I have set the config as the following,

quant_config = QuantizationConfig(q_bits=8)

model = AutoModelForCausalLM.from_pretrained(
    "Snowflake/snowflake-arctic-instruct",
    low_cpu_mem_usage=True,
    trust_remote_code=True,
    device_map="auto",
    ds_quantization_config=quant_config,
    max_memory={i: "80GiB" for i in range(8)},
    torch_dtype=torch.bfloat16)

The transformers cannot capture the quantization config set by ds_quantization_config. Notably, I am using 80GB A100, so I set the max_memory to 80GB. This leads to a wrong mapping. I can run the example by setting max_memory to 160GB to mimic the quantization effect.
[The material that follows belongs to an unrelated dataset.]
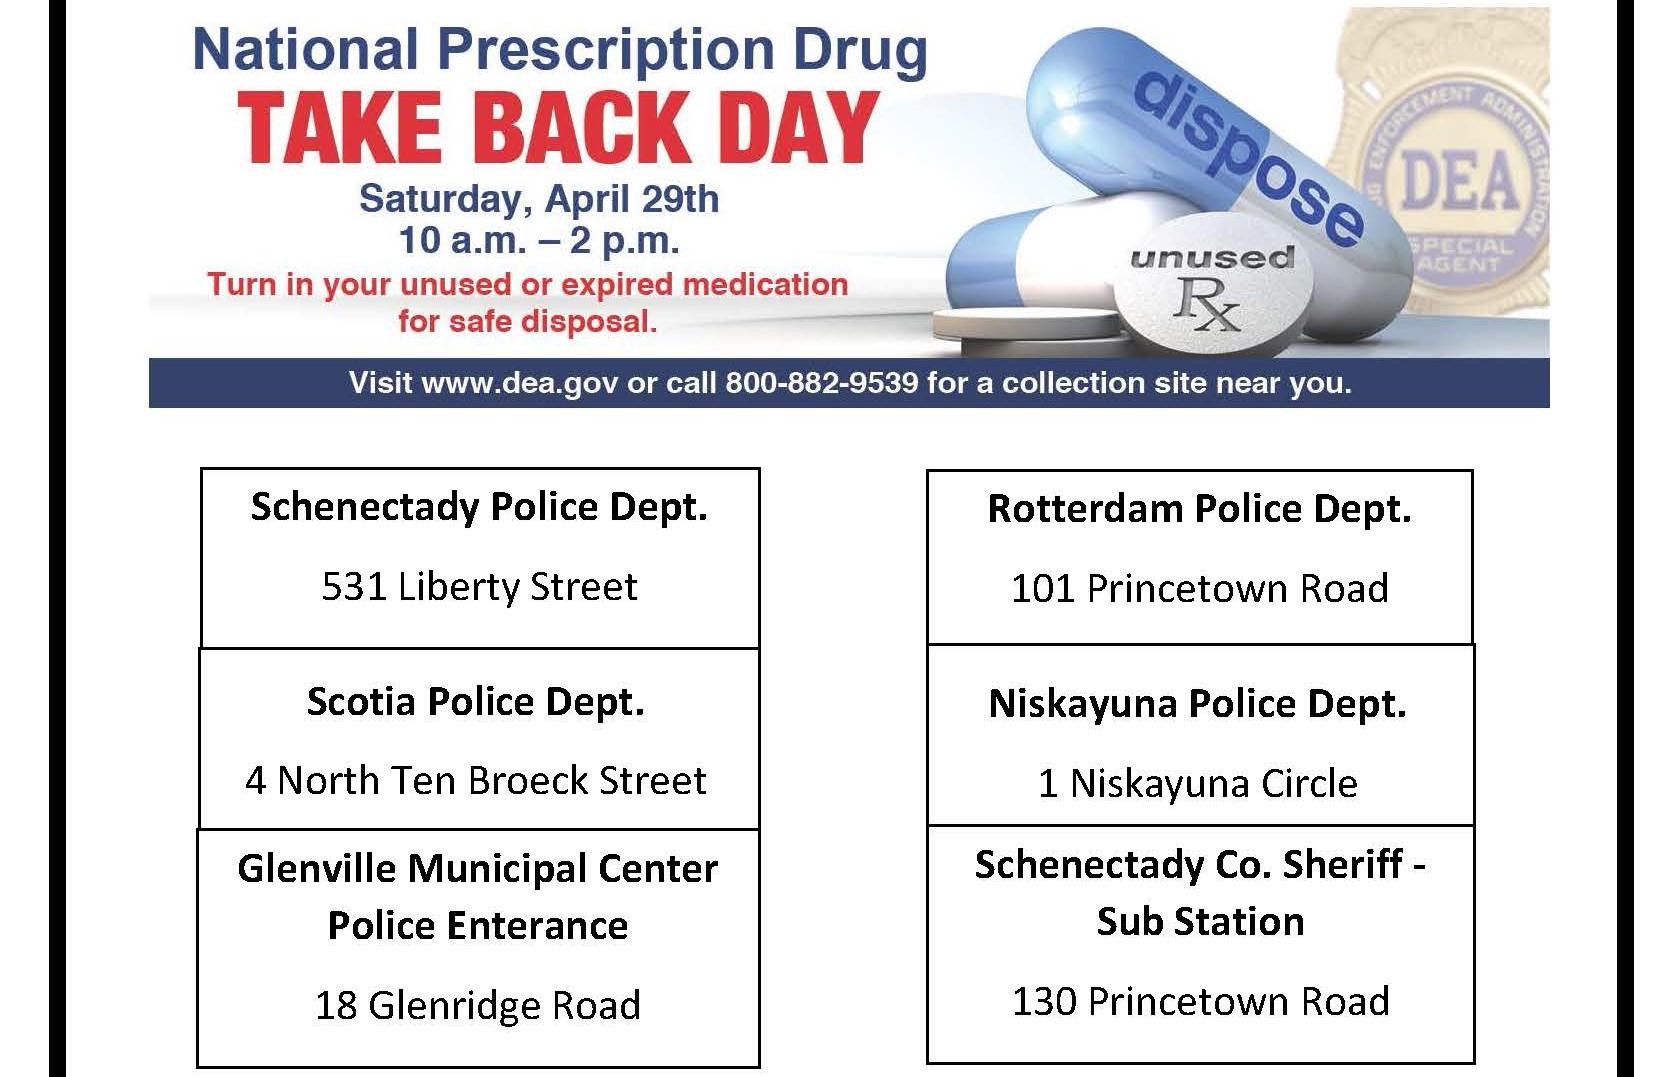 Schenectady County Drug Take Back Day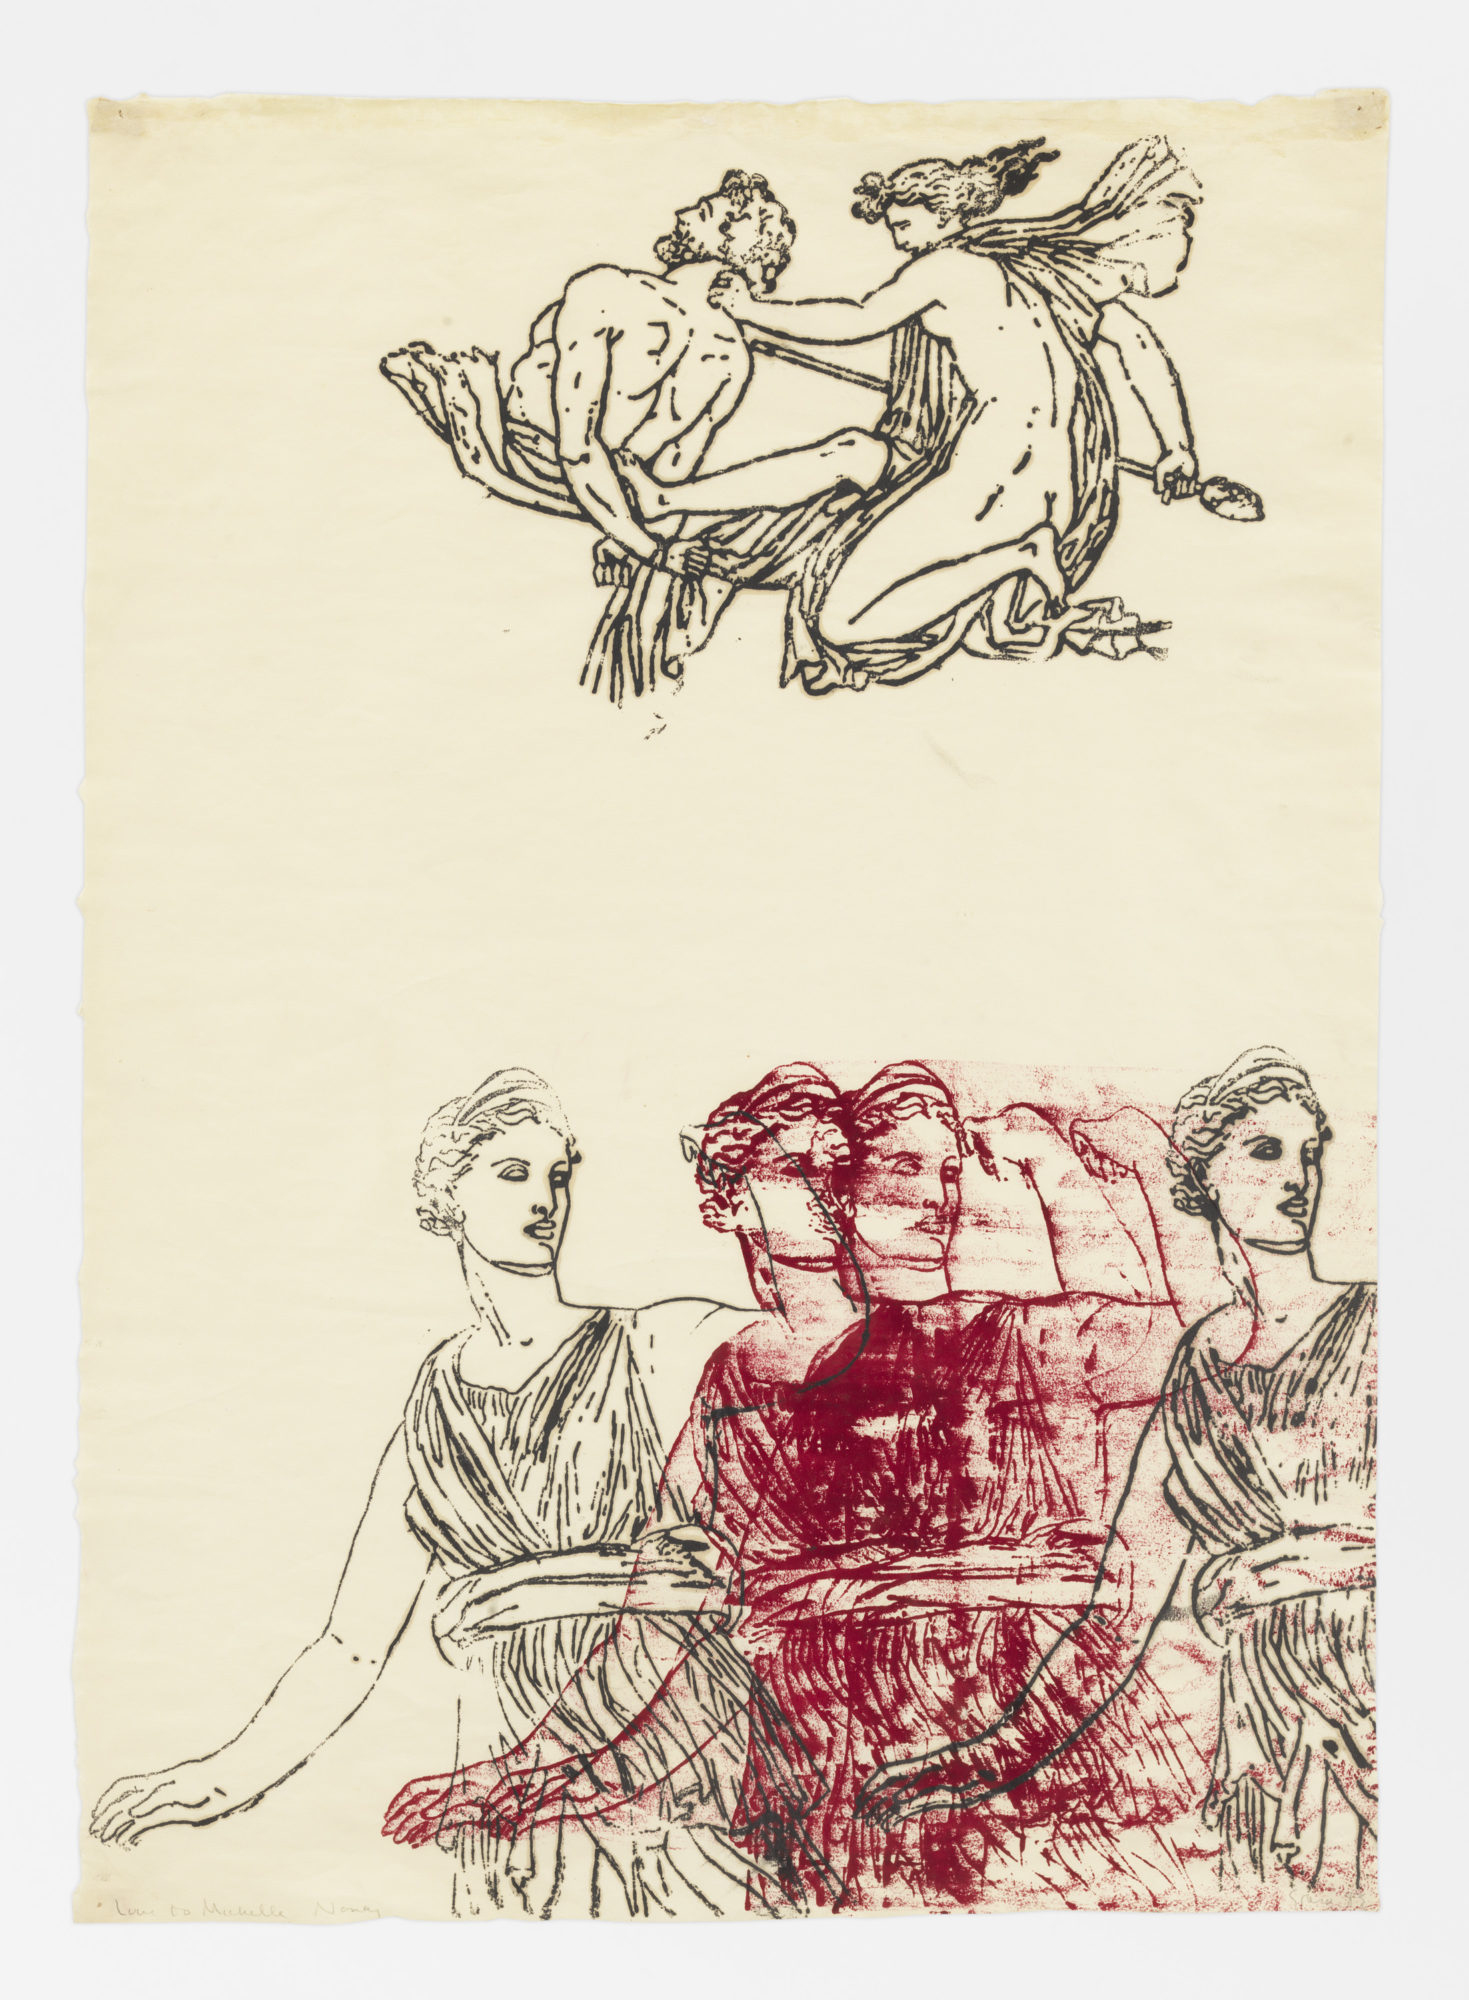 Nancy Spero. Artemis, Goddess and Centaur. 1983. Handprinting on paper . 71.1 x 50.8 cm (28 x 20 inches). © 2019 The Nancy Spero and Leon Golub Foundation for the Arts/Licensed by VAGA at ARS, NY, courtesy Galerie Lelong & Co. Photo: Christopher Burke Studio

jeffra commented 4 months ago

Ohh yes, you have to set the max_memory to ~2x the actual memory available so that accelerate will do the right thing. To confirm, you are running successfully now after making this change right?

We are actively working on adding deepspeed quantization support into HFQuantizer instead of this current way. This should smooth out this path once it's live.

JF-D commented 4 months ago

Yes! I can run successfully after setting max_memory to ~2x the actual memory available. Thanks for the help!

jeffra commented 4 months ago

Excellent, glad to hear :) I'll close this for now then, please re-open if there are remaining issues though.